# e/m confusion



## ekfannin (Mar 6, 2013)

I am studying for the CPC exam and while I was talking to one of the billers in my office she made mention that if one of the doctors rounds at the hospital and the patient can't physically describe his review of systems then you would still code as if he had reviewed all systems even if he hadn't reviewed any.  Is that right? because to me it doesn't make sense if he reviewed no systems shouldn't you code it that way?


----------



## jimbo1231 (Mar 7, 2013)

*Caveat*

I think the biller was talking about the history "caveat". Basically if the patient is no condition to give an ROS, it is not required. But the physician needs to clearly document the reason the patient could not give the ROS. Also if there is another source like family member who could provide any history, the provider should use that resource. But the biller was pretty much correct.

Jim


----------



## MnTwins29 (Mar 7, 2013)

That might also be referencing the interval history in subsequent hospital visits where the physician doesn't need to keep documenting the same items if there is no change in the history on subsequent visits.   In my experience, I rarely use history in these visits as it is rarely documented.   And with only 2 of 3 key elements needed....


----------



## Lynda Wetter (Mar 7, 2013)

jimbo1231 said:


> I think the biller was talking about the history "caveat". Basically if the patient is no condition to give an ROS, it is not required.

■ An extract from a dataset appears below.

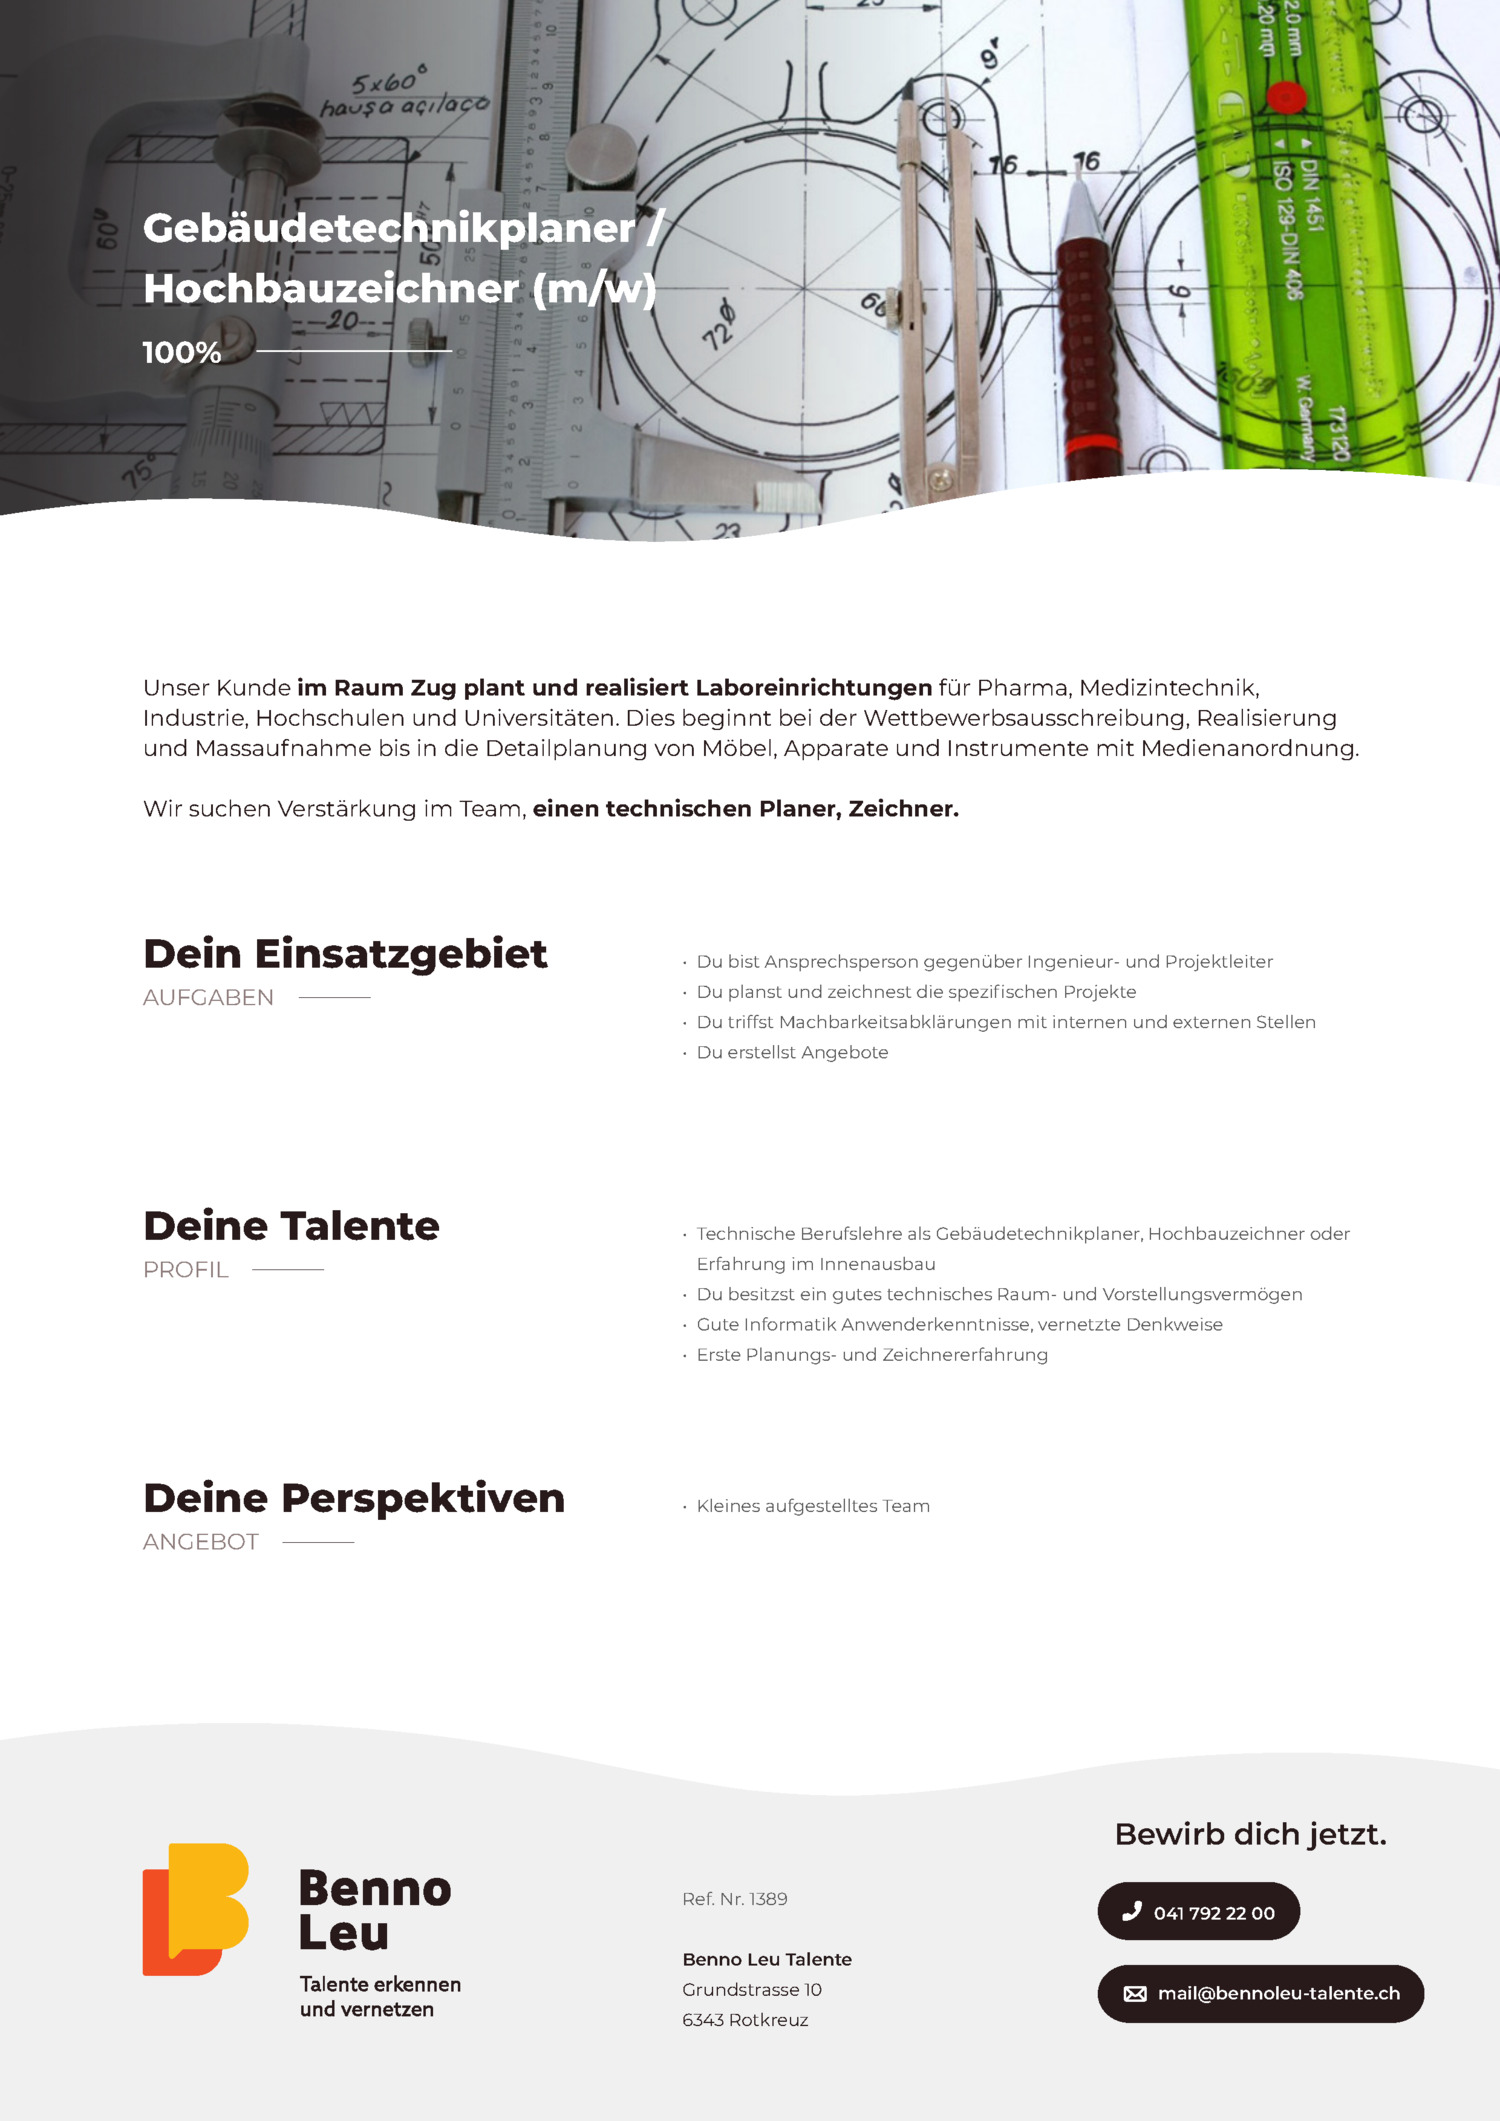 Inserat Gebäudetechnikplaner, Hochbauzeichner (m/w)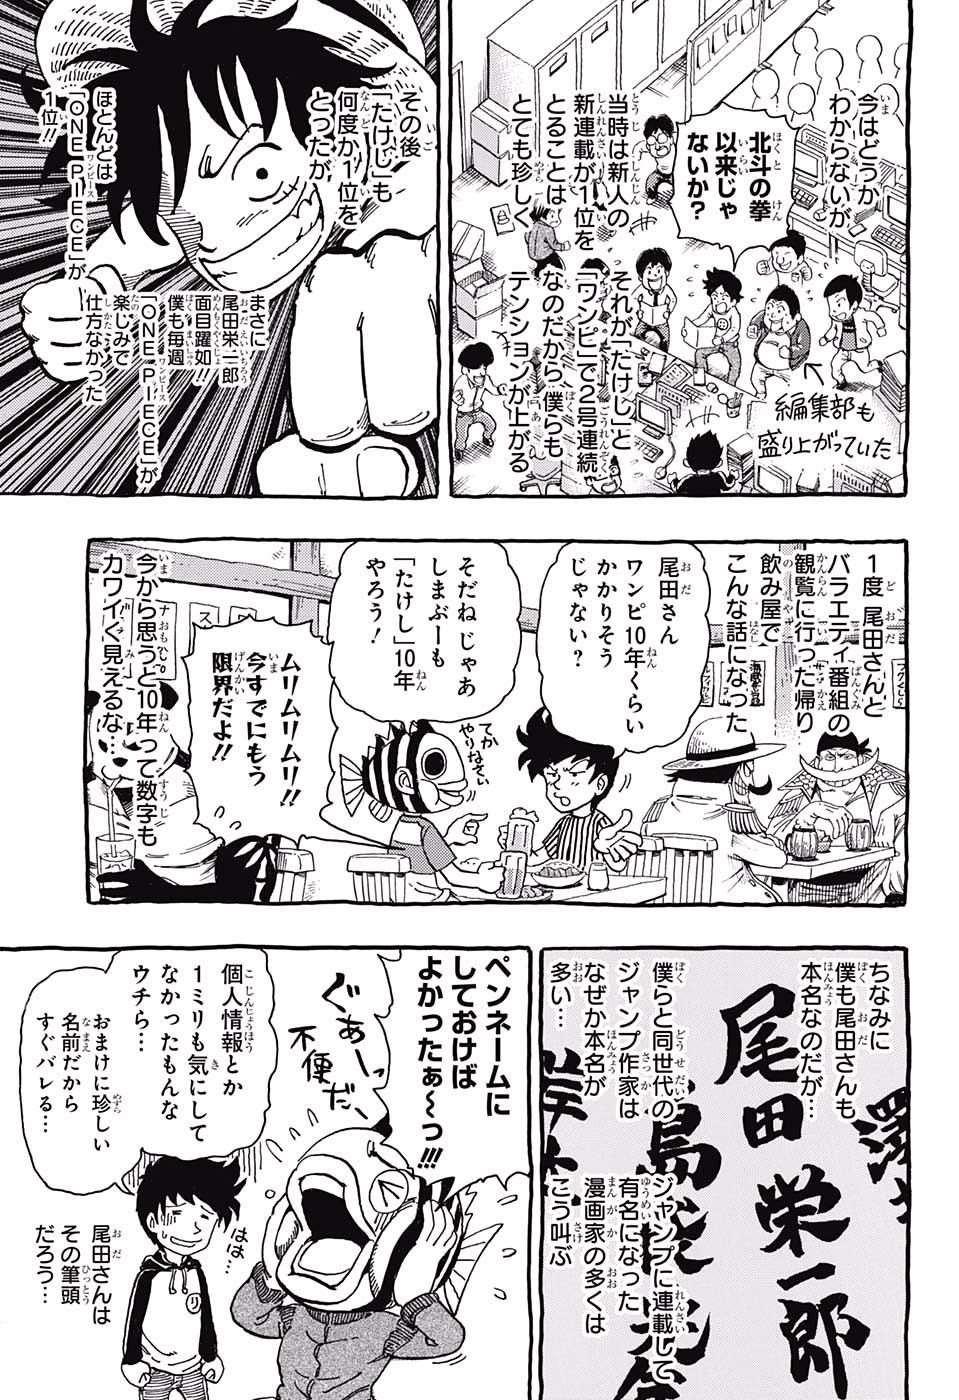 One Piece Manga 2017 DRQxodgt

But the physician needs to clearly document the reason the patient could not give the ROS. Also if there is another source like family member who could provide any history, the provider should use that resource. But the biller was pretty much correct.
> 
> Jim



If the Doctor mentions why he can not obtain a ROS he does not get credit for a complete ROS right? thats just clarifying why it was not done and he gets "counted" as no ROS...right?


----------



## MikeEnos (Mar 8, 2013)

I've seen this question a lot lately.  You need to check with your local carrier.  My local carrier, NHIC instructs coders to give full credit for a Comprehensive history if the information is unobtainable.  Here is the exact quote from NHIC:



> *Important Note: Allow a comprehensive history if the physician is unable to obtain a history from the patient or other source. The record should describe the patient’s condition or circumstance that precludes obtaining history.*



Here's the link

Think about it, if the patient is rushed to the hospital, unconscious, no family present, and cannot provide a review of systems - why should the physician be limited to a level 1 admission??  That seems like a pretty serious case, I wouldn't be surprised if the provider felt it was a level 3 admission.... but without a detailed or complete ROS technically it doesn't even meet the requirements for a level 1 admission.... so keep that in mind.  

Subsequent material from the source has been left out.